The building was most recently used as the Preah Buddah Rangsey Temple, a Buddhist temple. It was sold in February 2018 and, as of 2019, was unoccupied.

== History ==
Adath Shalom formed in 1950 as a Conservative synagogue when Shaare Israel, B’nai Moshe, and Beth Samuel merged and formed in Beth Samuel's building. Adath Shalom closed in 2007, donated many of its religious articles to Congregation Tiferes B'nai Israel in Warrington, Pennsylvania, and sold its building to the Cambodian Khmer Buddhist Humanitarian Association.

=== Jewish congregation ===

Beth Samuel Nusach Ashkenazi was incorporated in 1922 by Lithuanian Jews and was often referred to as Beys Shmuel, or the litvishe shul.

After merging with another congregation in 1961, it was renamed Adath Shalom and affiliated with the United Synagogue of Conservative Judaism.

Rabbi Aaron Decter led the congregation in the 1960s. He was chairman of human relations for the South Philadelphia Citizens Committee, and spoke out in favor of Philadelphia's school bussing program in 1965. Robert P. Tabak was rabbi from 1977 to 1979. The Jewish Exponent synagogue directory identified Mendel Litman as cantor and Samuel Cander as president in September 1995 when it was affiliated with the United Synagogue of Conservative Judaism. Gail Glickman served as Adath Shalom's last rabbi on a part-time basis.

The synagogue last held High Holiday services in 2004, and closed in 2007 when the congregation's aging members could no longer form a prayer quorum.

In 2006, Congregation Tiferes B'nai Israel in Warrington, Pennsylvania was planning to renovate its sanctuary when Adath Shalom was divesting its building.
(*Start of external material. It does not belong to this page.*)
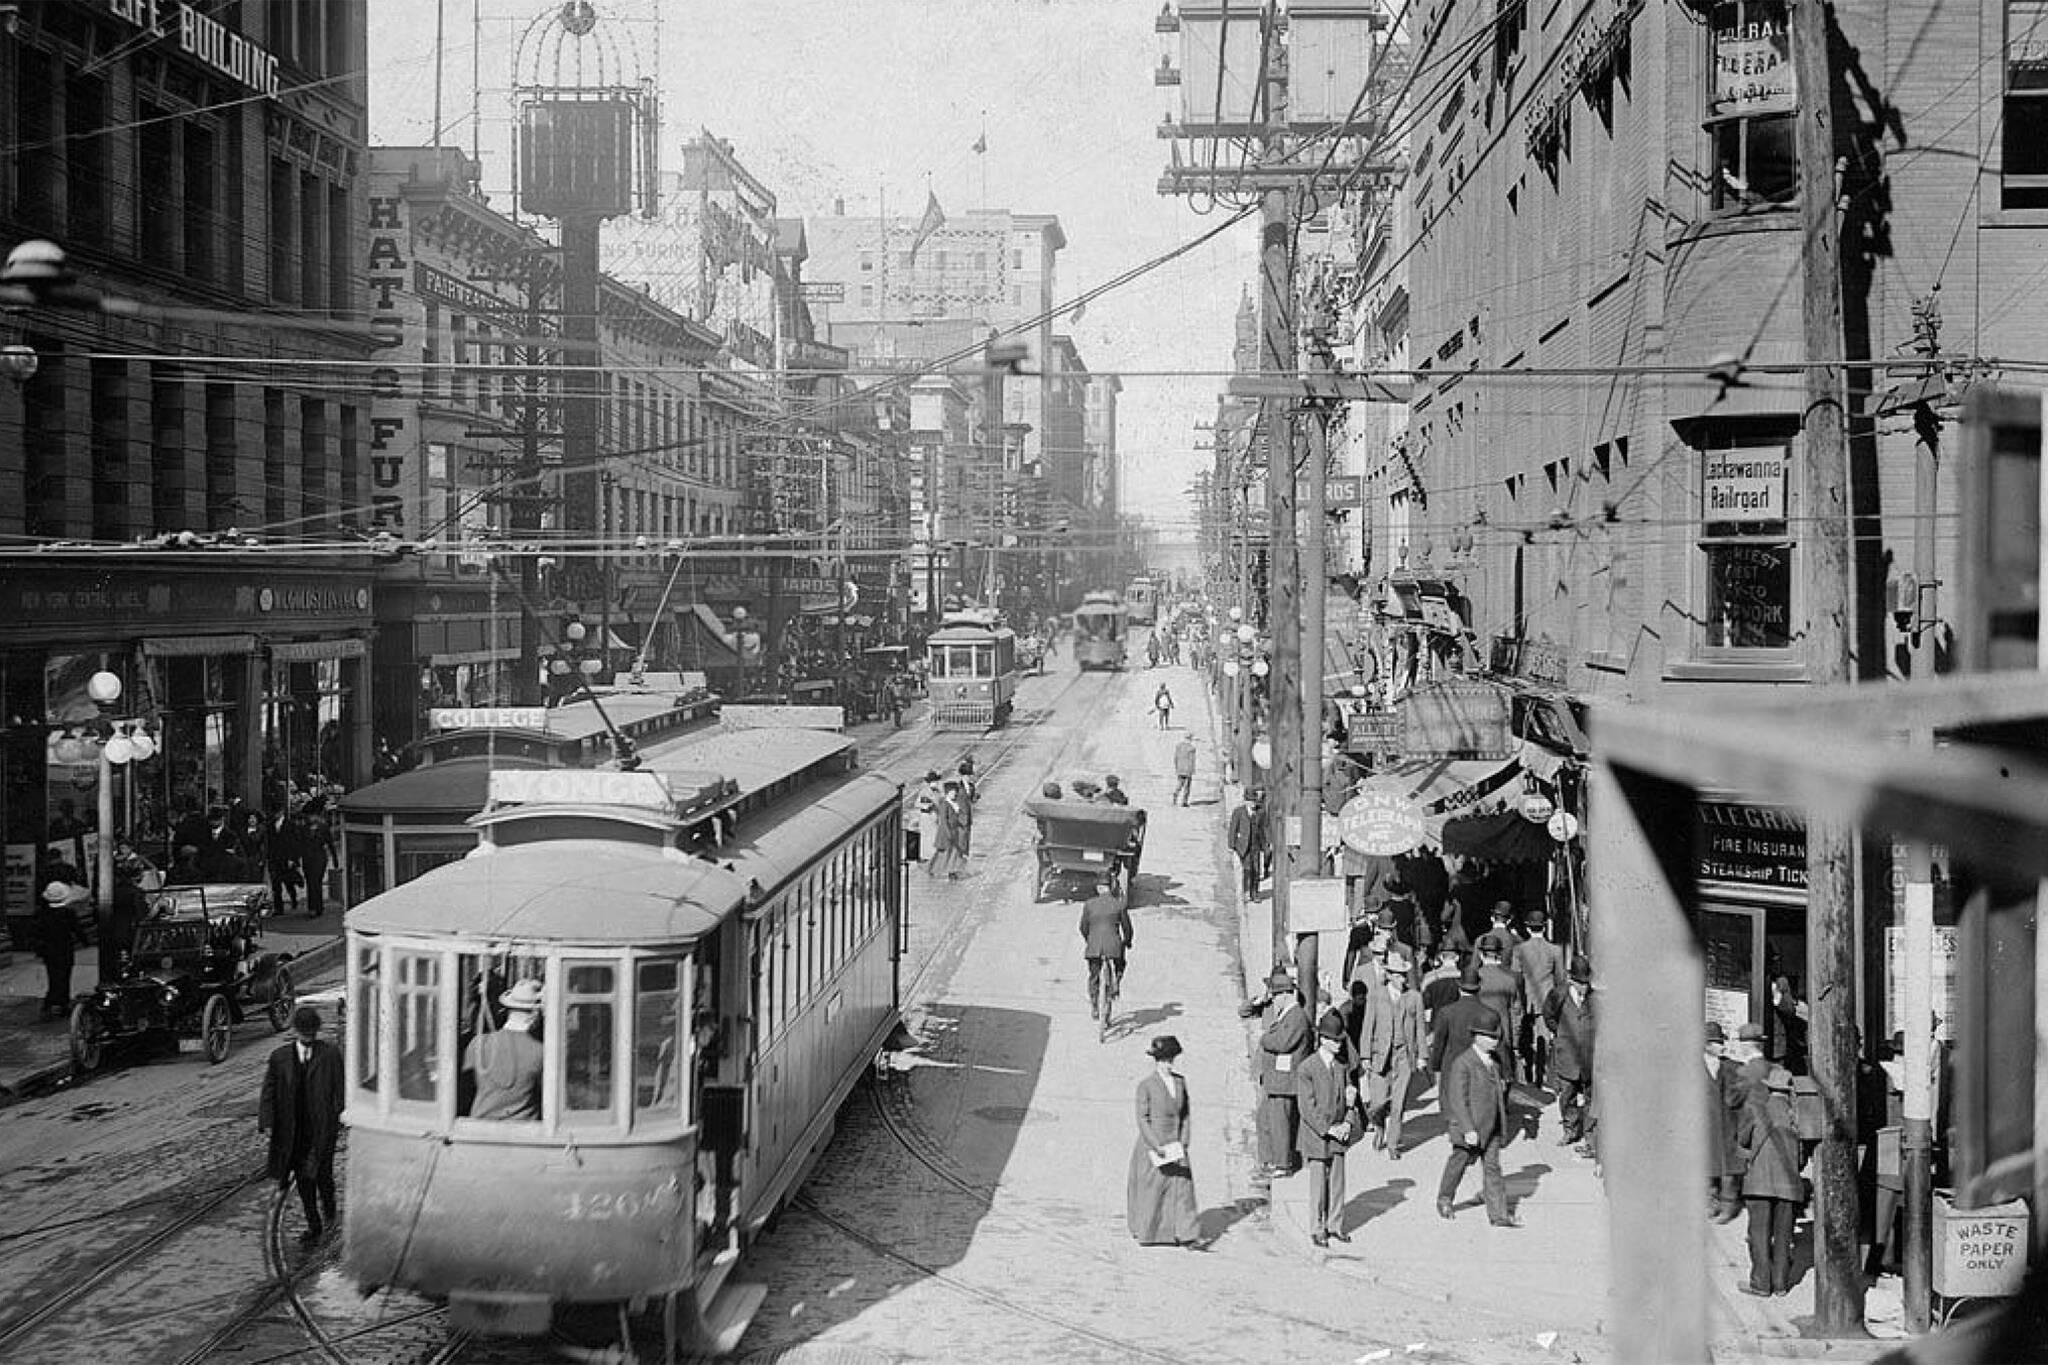 Toronto History photos

TBI repurposed Adath Shalom's ark and lecterns, acquired and displayed its memorial plaques, and Adath Shalom paid for many of the renovations at TBI. Tiferes B’nai Israel welcomed former Adath Shalom members to the rededication in November 2012.

=== Buddhist temple ===

To serve the growing Cambodian community in the neighborhood, the Cambodian Khmer Buddhist Humanitarian Association purchased Saint Andrews Lutheran Church at 6th and Ritner Streets in 2003, renovated the building, and opened the Preah Buddah Rangsey Temple in 2005. The Buddhist temple quickly reached capacity and the KBHA acquired the Adath Shalom building across the street in April 2007.
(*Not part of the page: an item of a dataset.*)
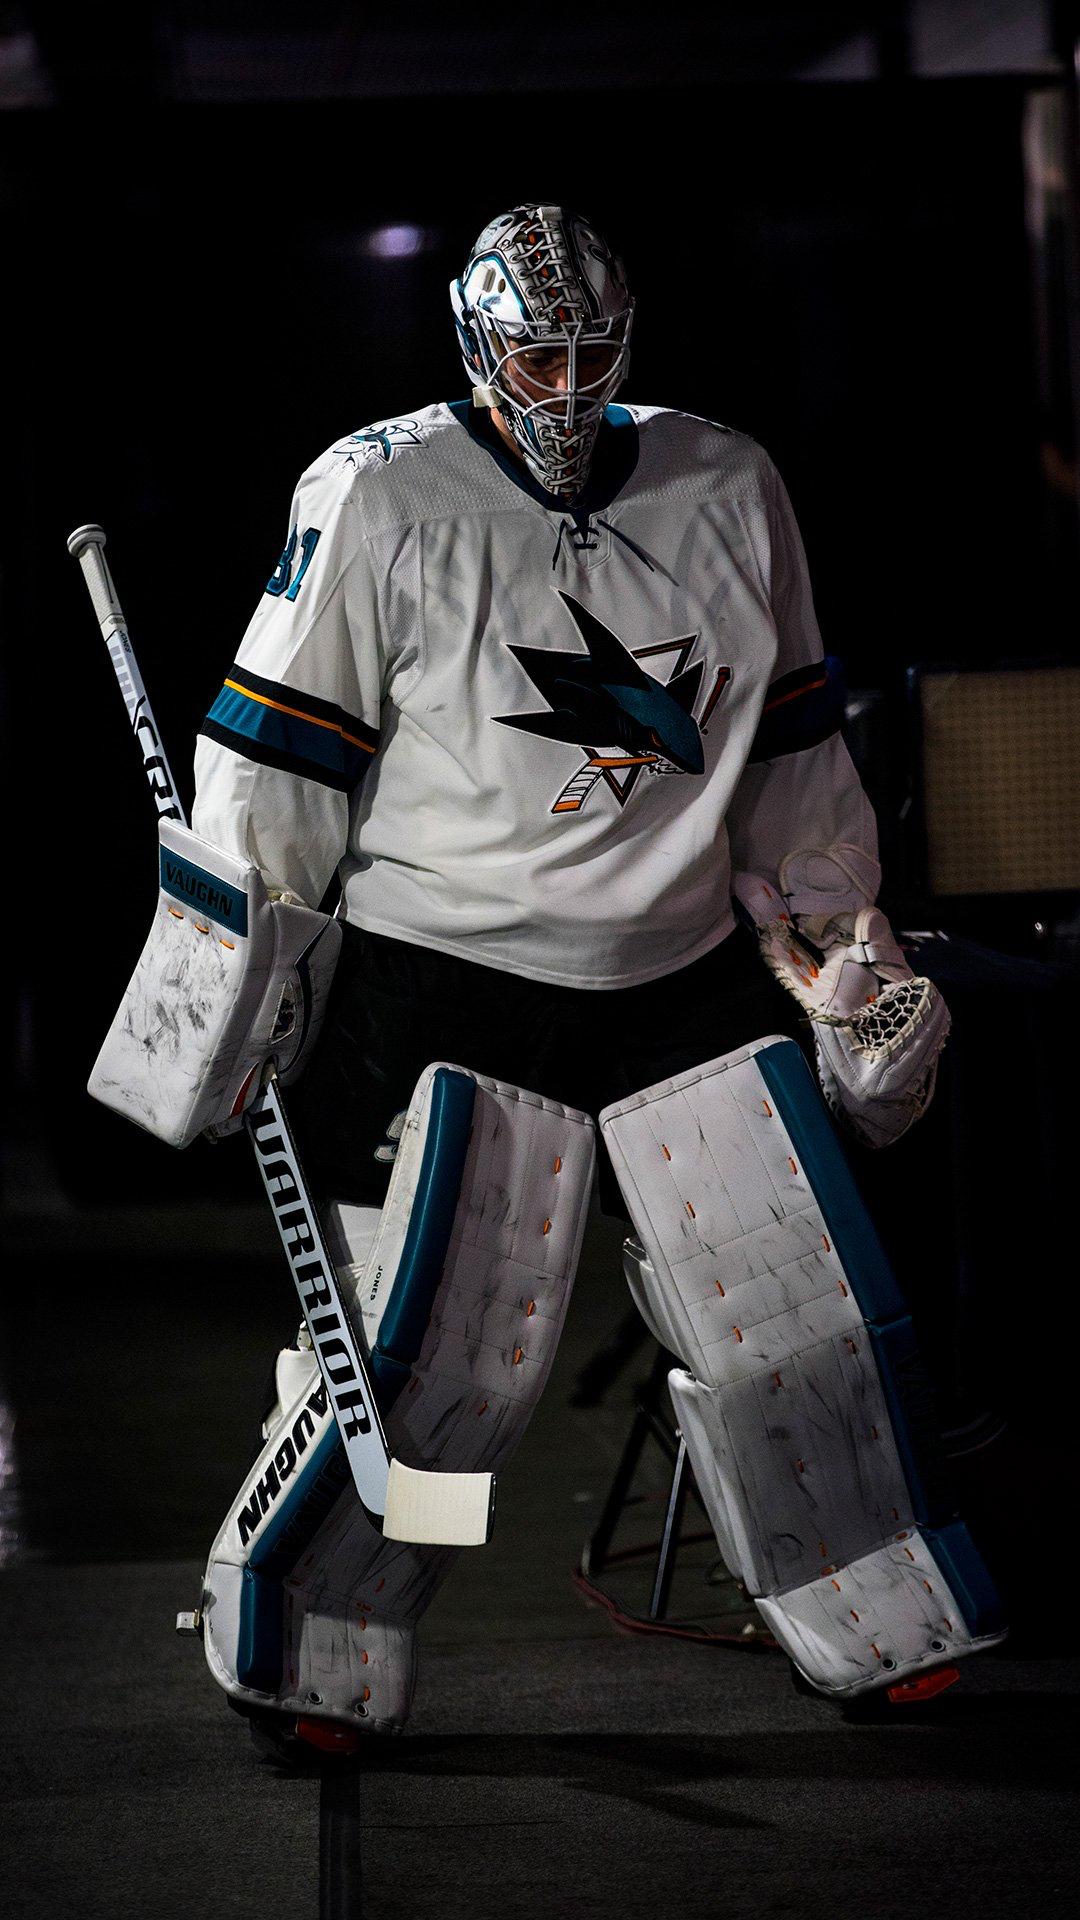 Jones Wp San Jose Sharks Hockey Goalie Goalie

The Khmer Buddhist Humanitarian Association used the synagogue building for community meetings, funeral ceremonies, and as quarters for its monks. The Buddhist temple retained many of its Jewish decorative elements. The synagogue's ceiling murals of the Zodiac signs with the names of the months in Hebrew were retain together with the two tablets of the Ten Commandments over the main entrance. The former synagogue's second floor women's gallery was repurposed for memorial cubbies to temple members, as a gallery for Buddhist funeral urns.

== Building sale ==
Preah Buddah Rangsey vacated the synagogue building in 2017 and listed the property and building for sale. In February 2018, Penh Investment Penn LLC acquired the building for $230,000.